Jangan kamu tengok lagi makam adikmu. Biarkan Nisa yang menuntut balas
akan kematiannya itu.” Kata nenek Siti.
Dan
suara serigala terdengar melolong lagi. Menambah suasana mistis di
malam keramat itu. Nenek Siti menarik paksa lengan Ujang. Tapi Ujang
tetap nekat bertahan. “Lekas Ujang! Kita musti kabur! Rohnya sangat
ganas dan tidak mungkin di hentikan!”
“Apa
yang nenek lakukan terhadap Nisa?” kata Ujang bingung. Nenek Siti
kelihatan marah. “Sudah aku bilang, Nisalah yang akan menyelesaikan
dendamnya. Kalau kita tidak segera kabur kita akan menjadi korbannya
juga”
Dan
mereka pun pulang, setelah beberapa hari kini kisah misteri balas
dendam pun dimulai. Saat itu Lucky habis mengantarkan mayat korban
kecelakaan ke rumah duka di daerah jakarta selatan.
Karena
merasa lelah iya sengaja memarkirkan Ambulancenya di pinggir jalan yang
agak sepi. Dan hanya dalam waktu sebentar ia sudah tertidur lelap. Baru
setengah jam tertidur ia terbangun tubuhnya penuh keringat. Ia
mengalami mimpi buruk tubuhnya yang kaku seperti mayat di kerubungi
banyak lalat dan belatung.
“Pertanda
apa ini?” Matanya melihat jam di tangannya tepat pada jam 12:00 malam.

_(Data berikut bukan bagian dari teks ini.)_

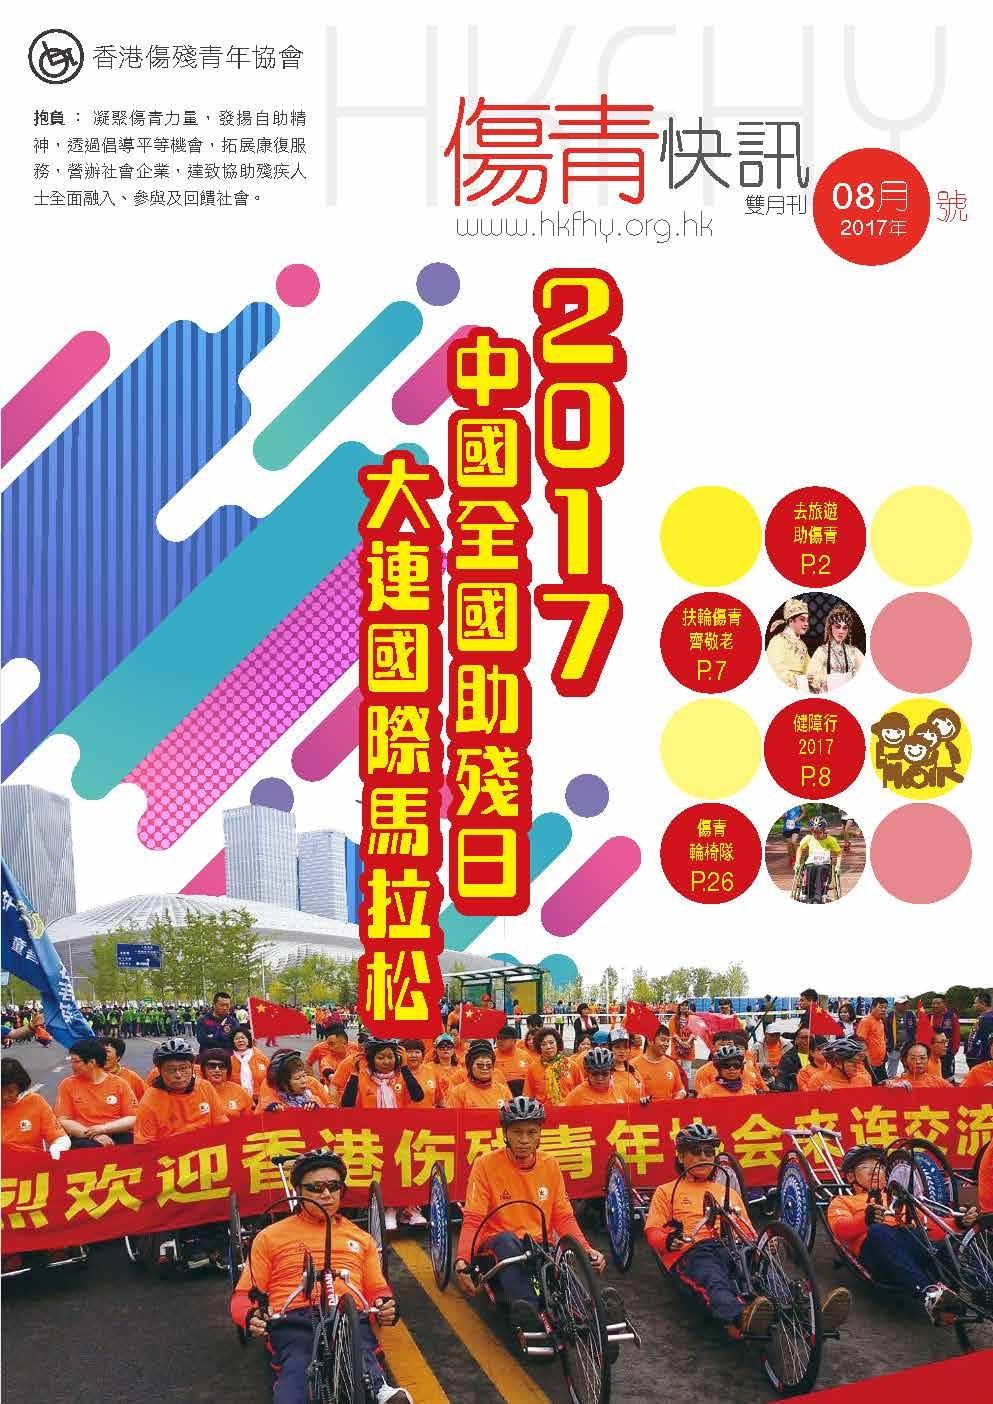 本頁圖片/檔案 - HKFHY_NL_Aug_2017_Web_頁面_01

Ia beranjak turun berharap warung kopi di seberangnya masih buka. Udara
malam terasa sangat dingin dan membuat Lucky semakin ngantuk.
Tiba-tiba.
Angin bertiup semakin kencang dan Lucky kedinginan. “Sial, tutup lagi.”
Pekiknya kesal. “Hah” katanya. Lucky terkejut melihat pintu belakang
ambulance dalam keadaan terbuka. Ia bergegas mau menutupnya. Tapi suara
wanita yang lembut membatalkan niatnya. “Sendirian aja, bang?”
Lucky
menoleh ke belakang dan melihat sosok penampakan yang mengerikan dan
amat menyeramkan. Balutan kain kafan menutupi tubuh penampakan itu.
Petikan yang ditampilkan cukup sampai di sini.